• **Task item**
Would you reproduce the whole listing exactly, minus its images?

• **Source data**
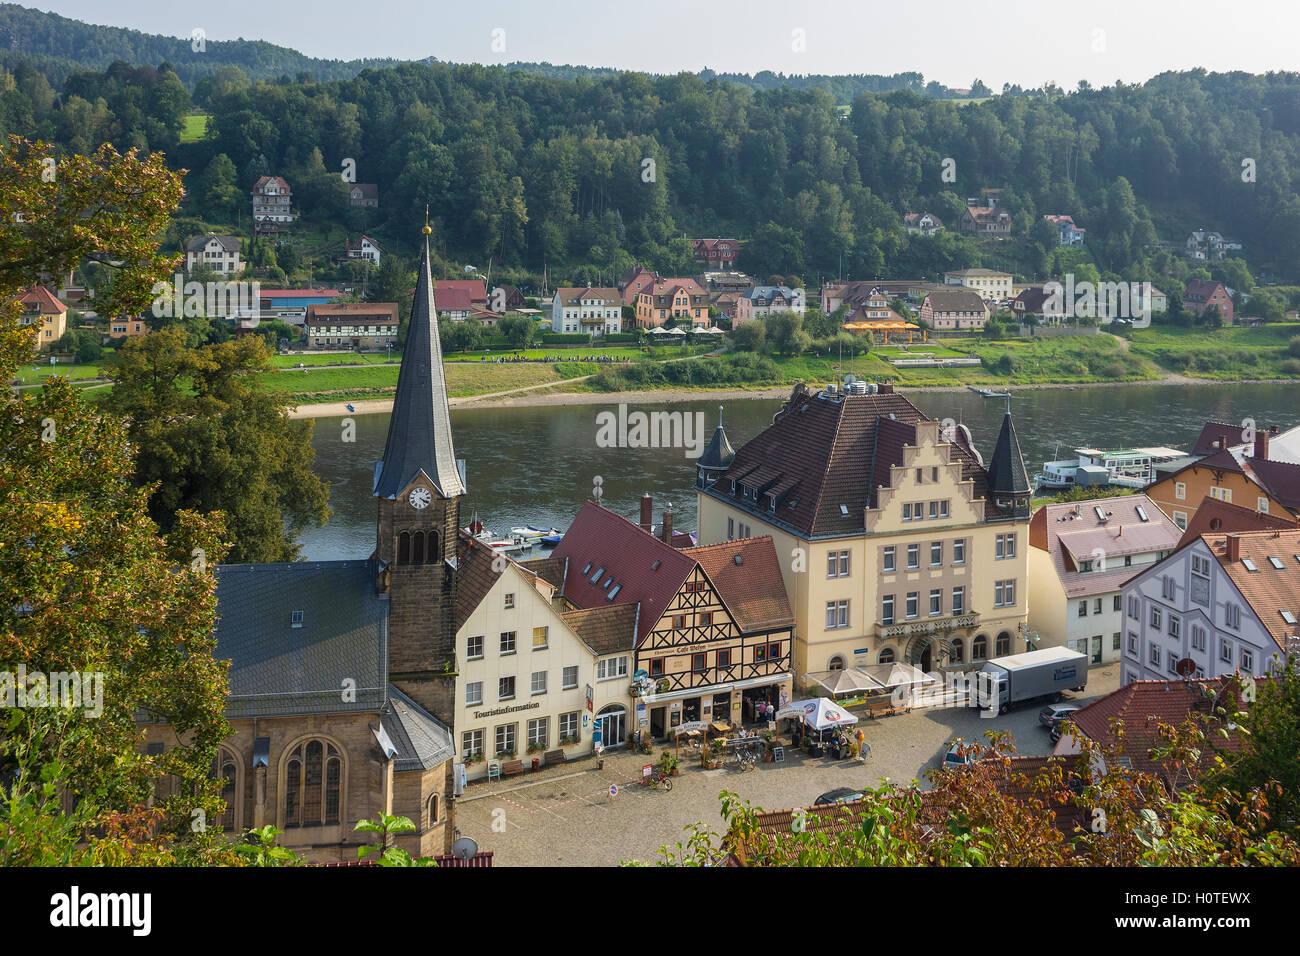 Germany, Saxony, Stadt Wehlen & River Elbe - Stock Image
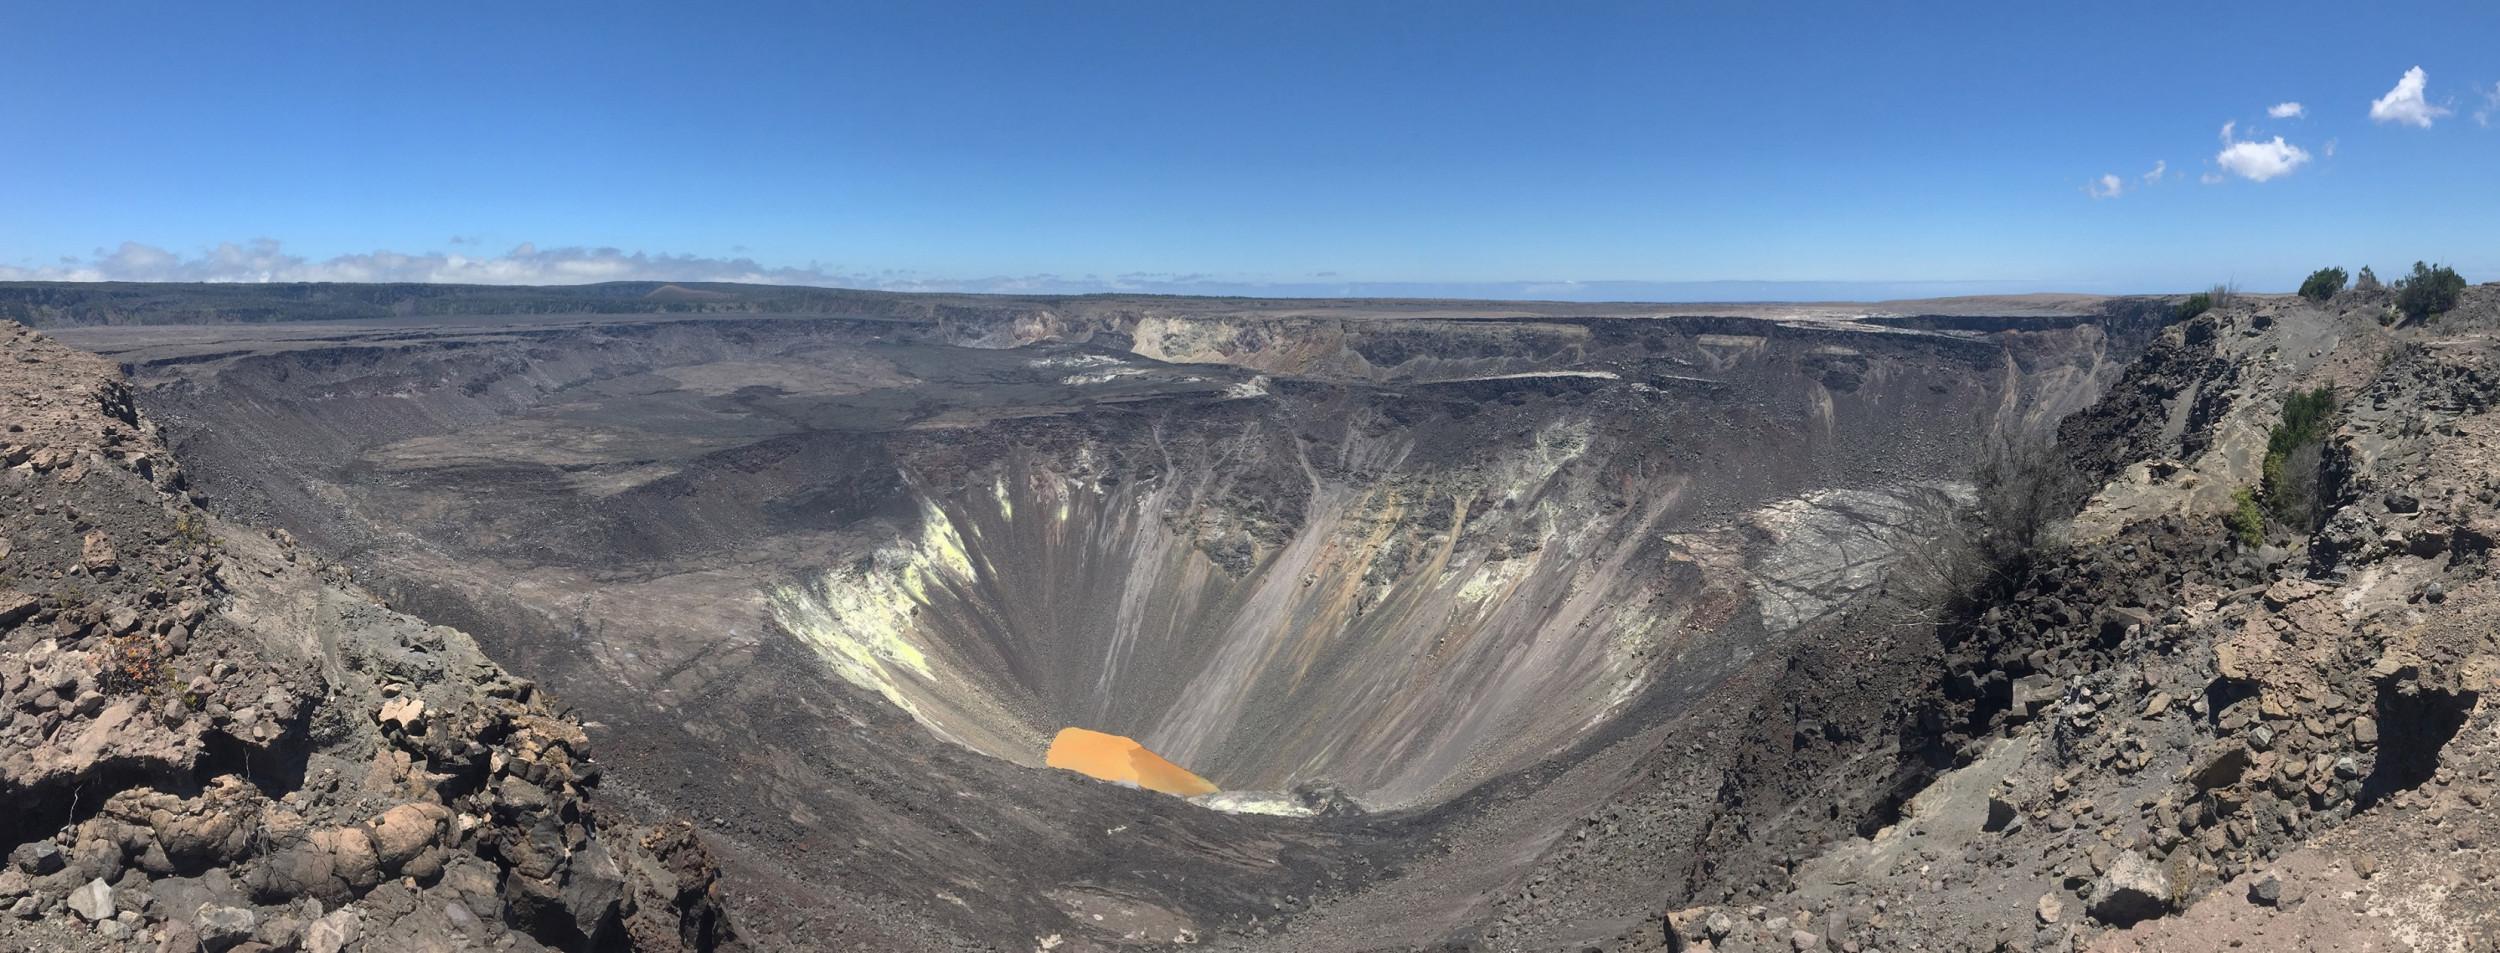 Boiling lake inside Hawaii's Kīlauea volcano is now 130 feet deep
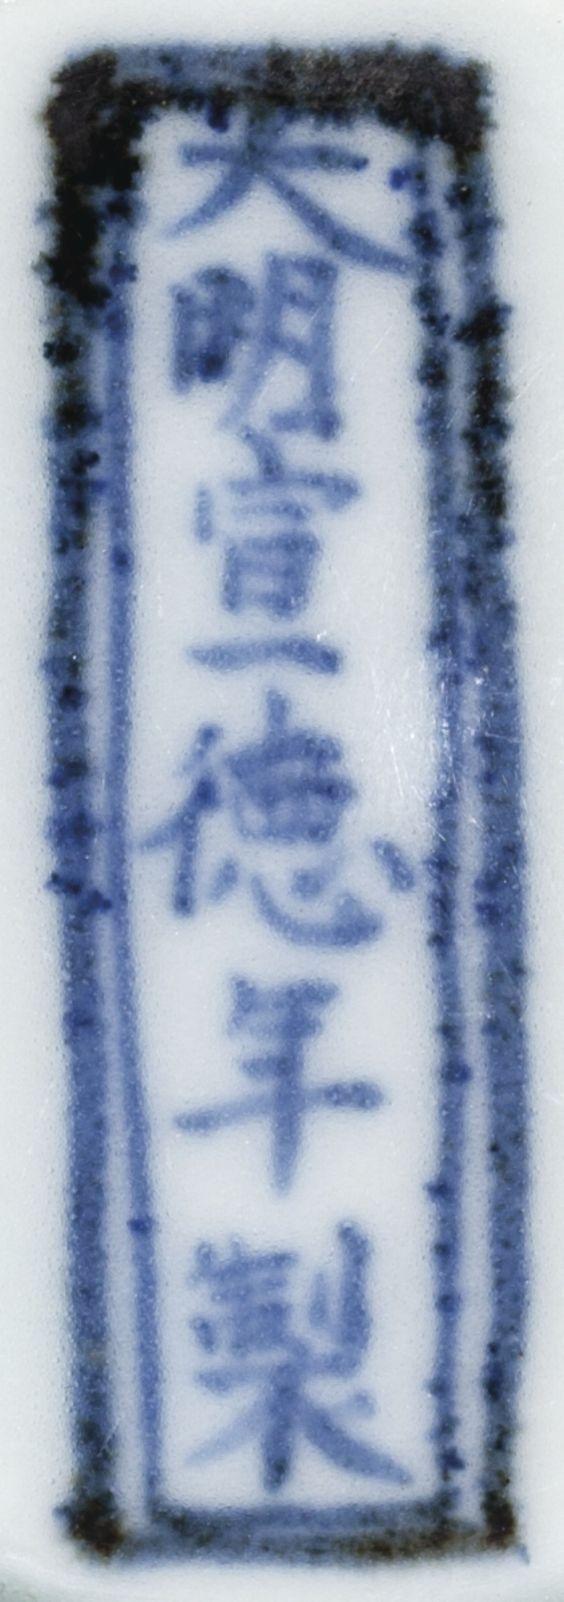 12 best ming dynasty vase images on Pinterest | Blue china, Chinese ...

• **Response area**
 Germany, Saxony, Stadt Wehlen & River Elbe - Stock Image
 Boiling lake inside Hawaii's Kīlauea volcano is now 130 feet deep
 12 best ming dynasty vase images on Pinterest | Blue china, Chinese ...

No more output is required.